### Data excerpt
────────────────

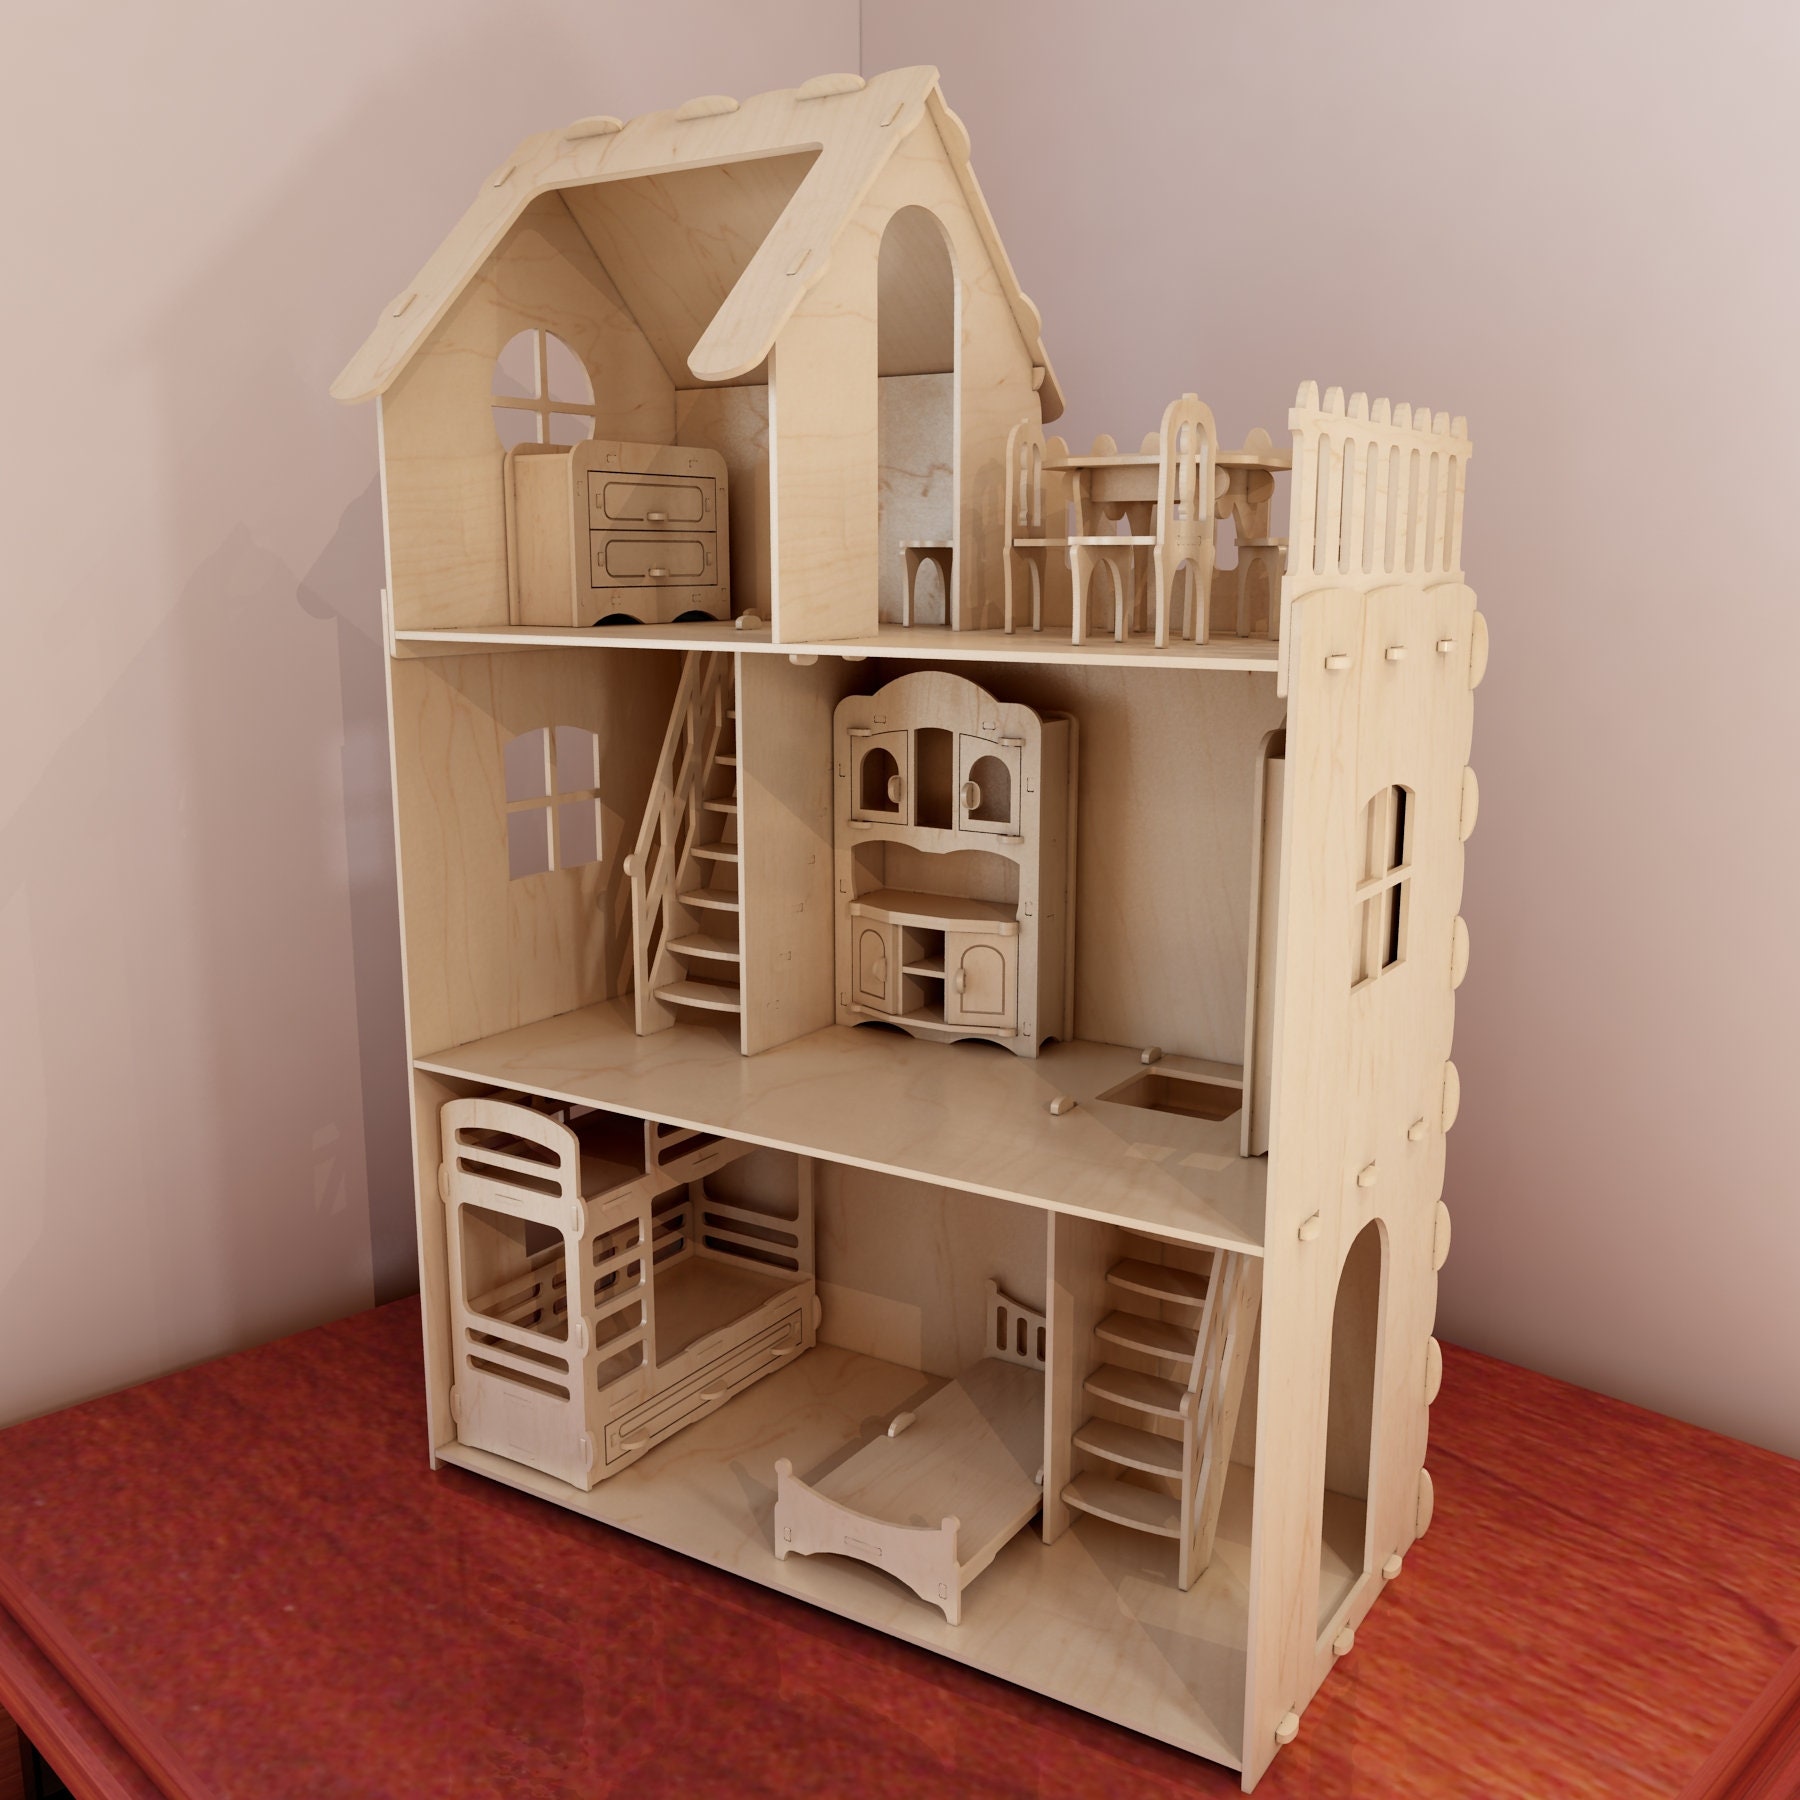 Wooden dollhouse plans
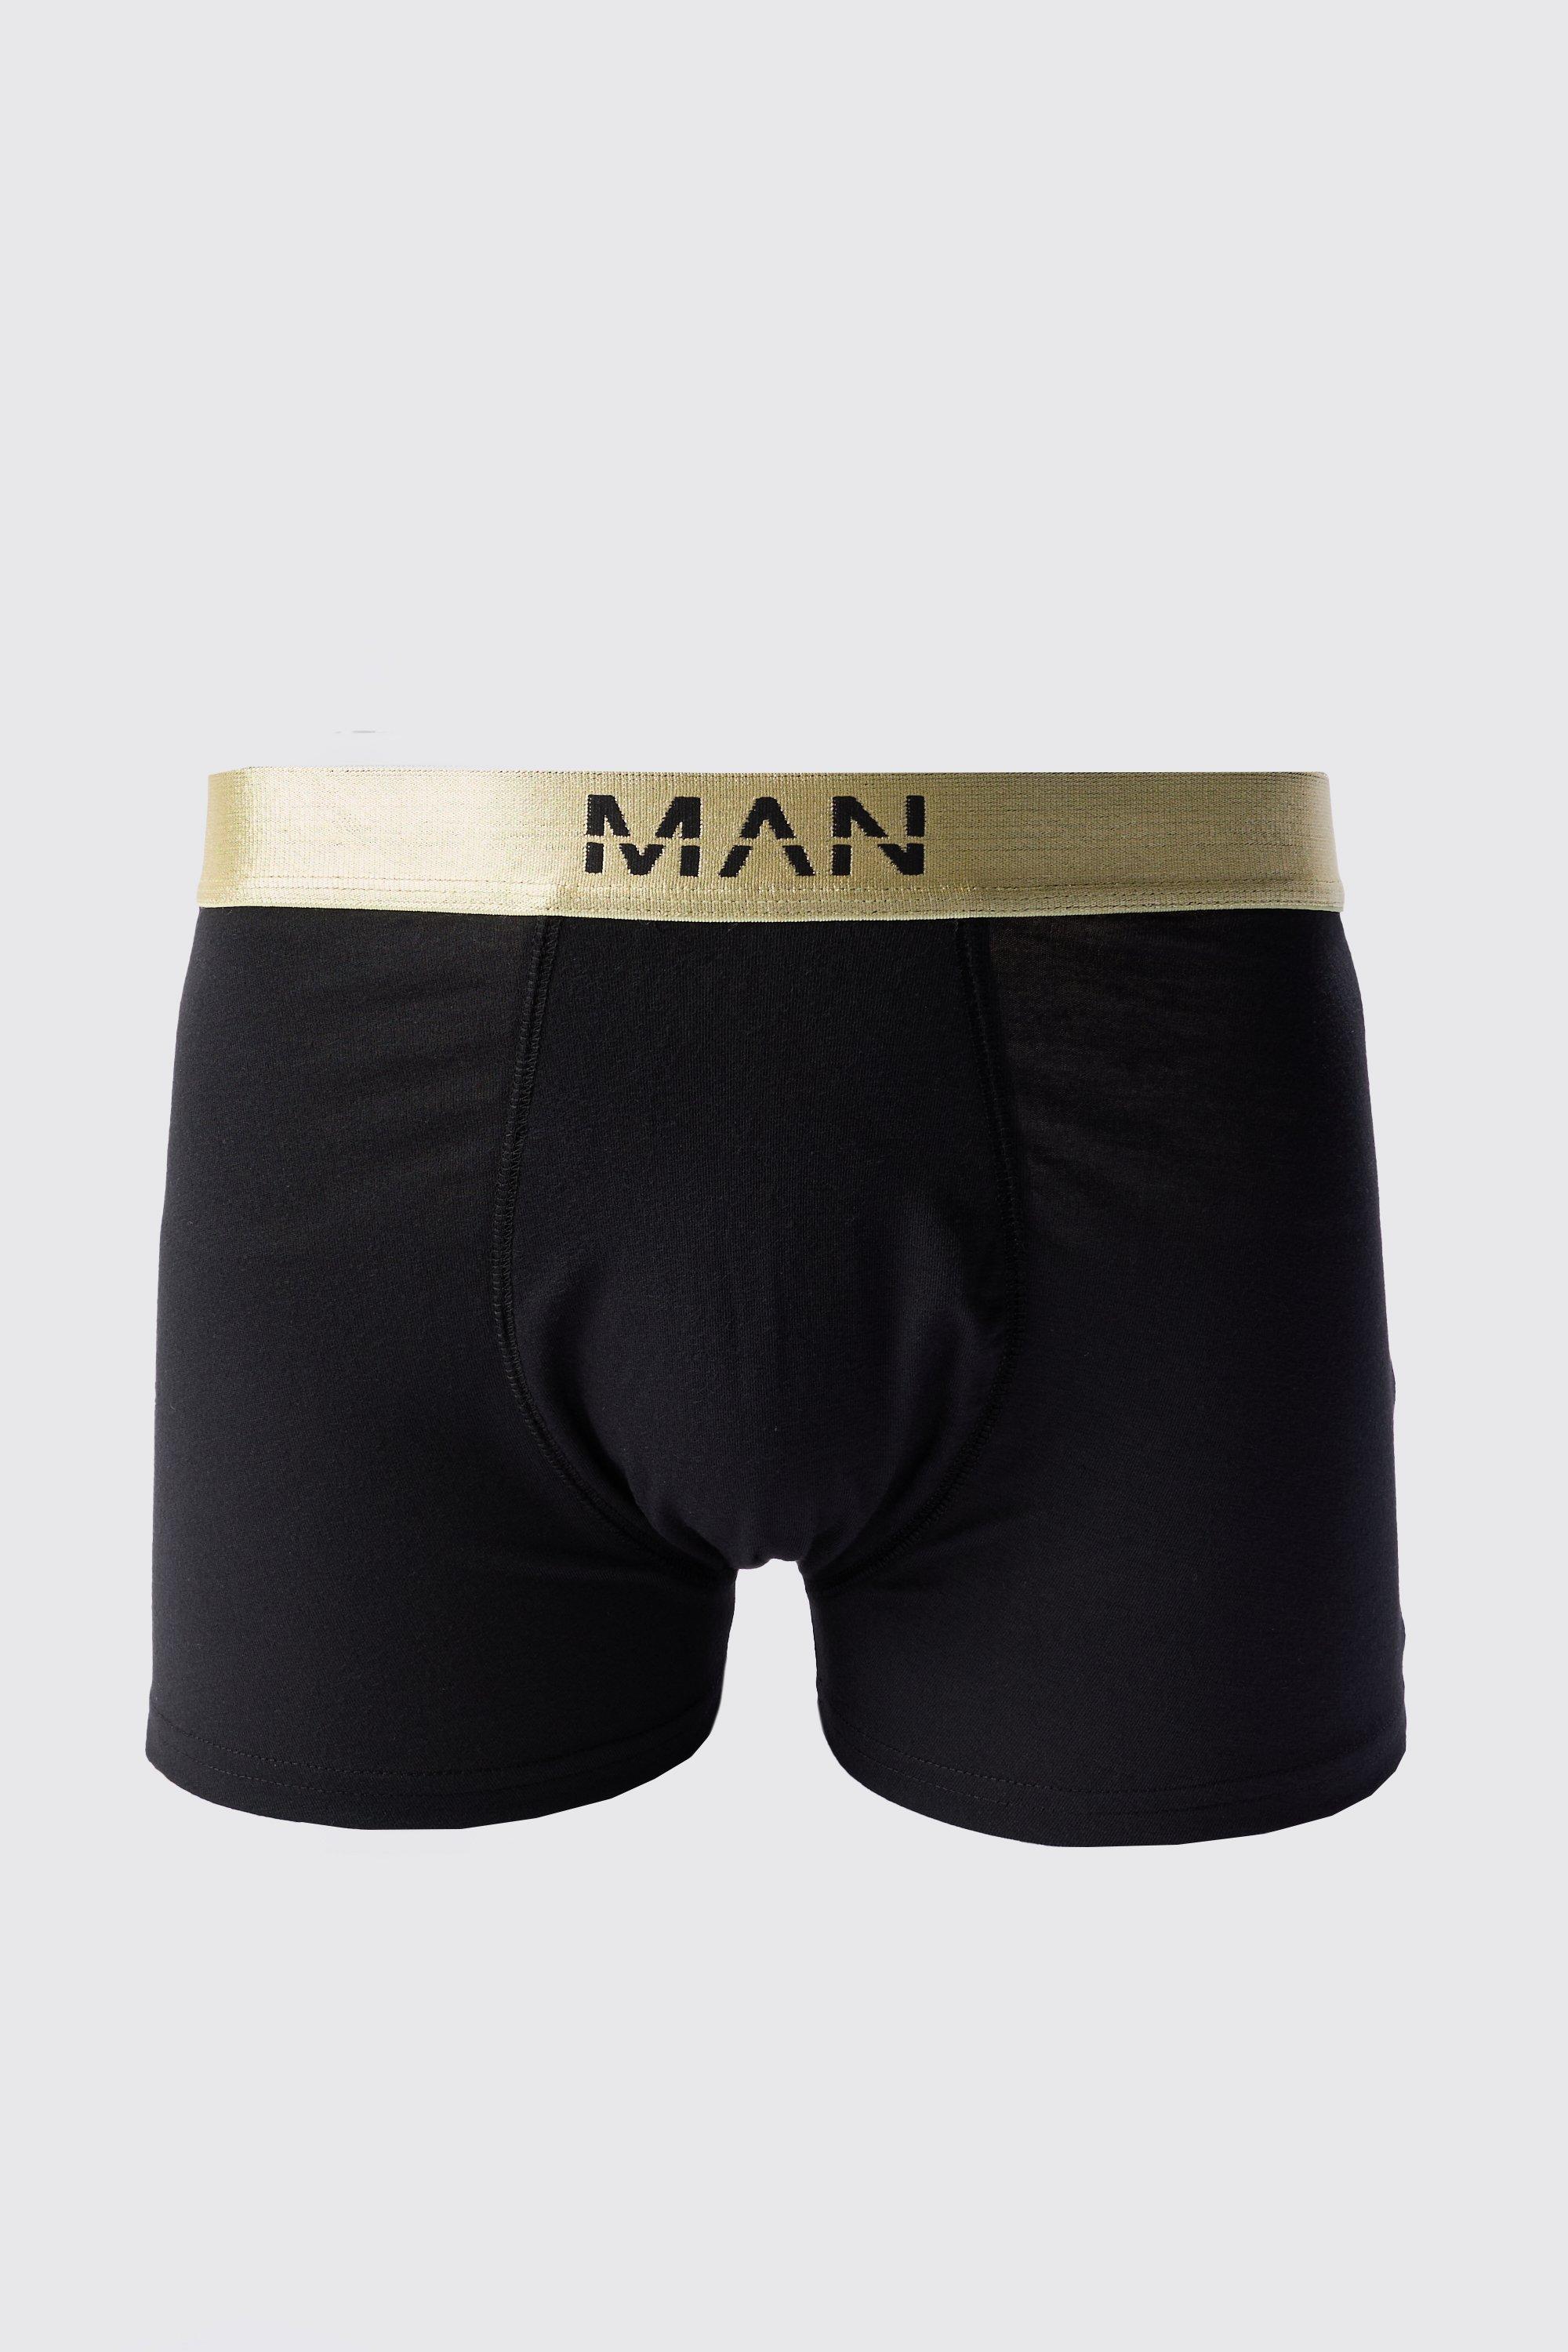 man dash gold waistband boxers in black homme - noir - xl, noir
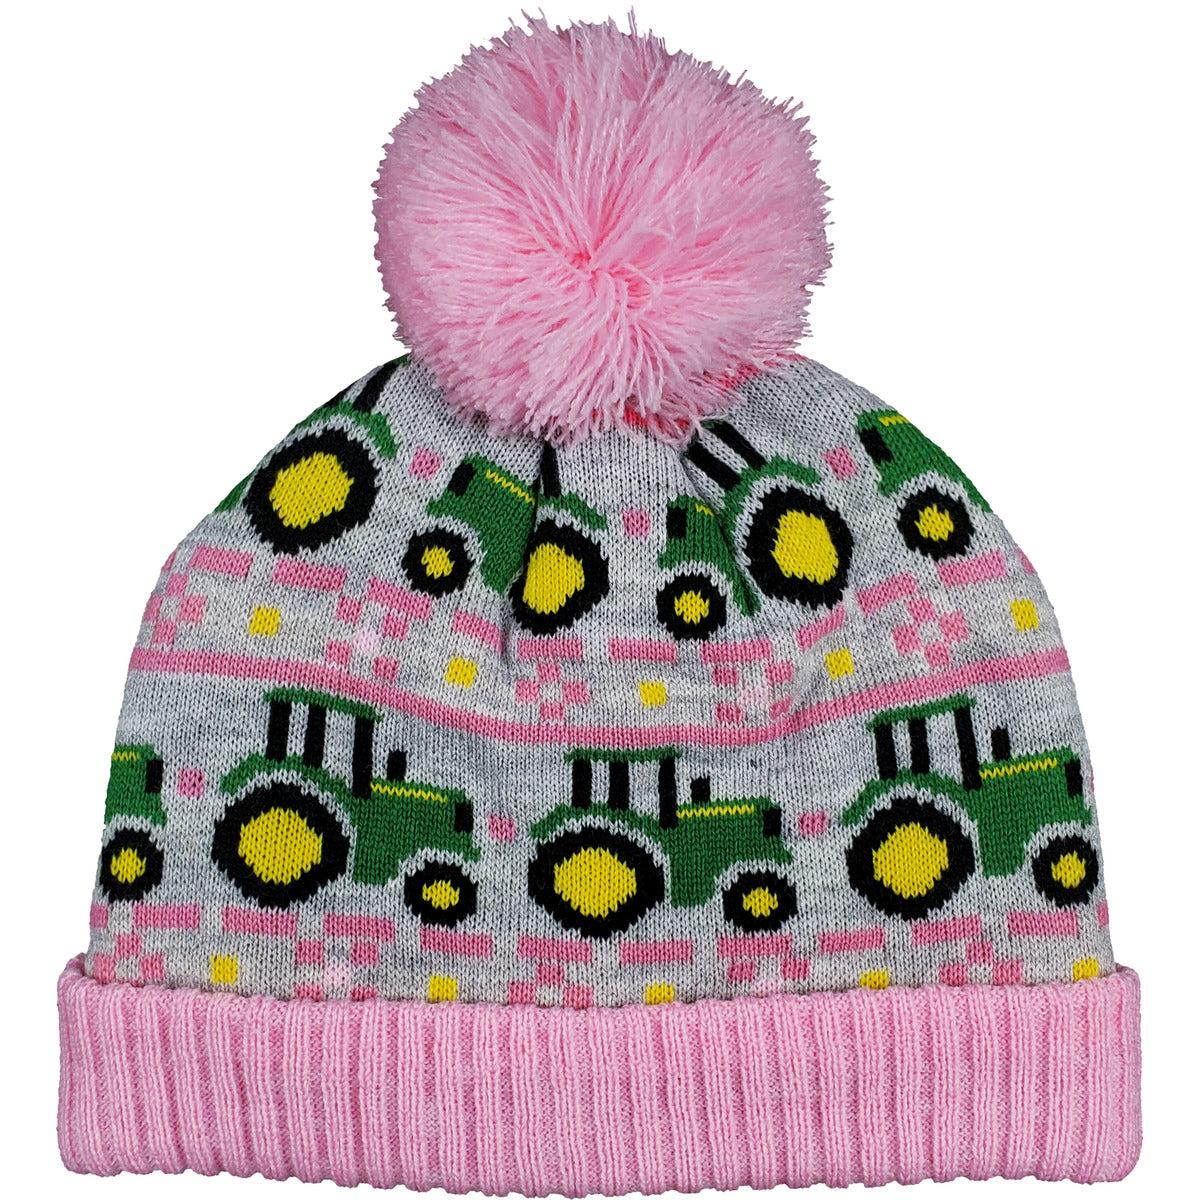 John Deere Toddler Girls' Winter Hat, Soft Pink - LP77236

────────────────

### Required action
Once the pictures are set aside, what is needed is the lines from the line with "man dash gold" through the end of the data, written out exactly and alone.

### Reply to the exercise
 man dash gold waistband boxers in black homme - noir - xl, noir
 John Deere Toddler Girls' Winter Hat, Soft Pink - LP77236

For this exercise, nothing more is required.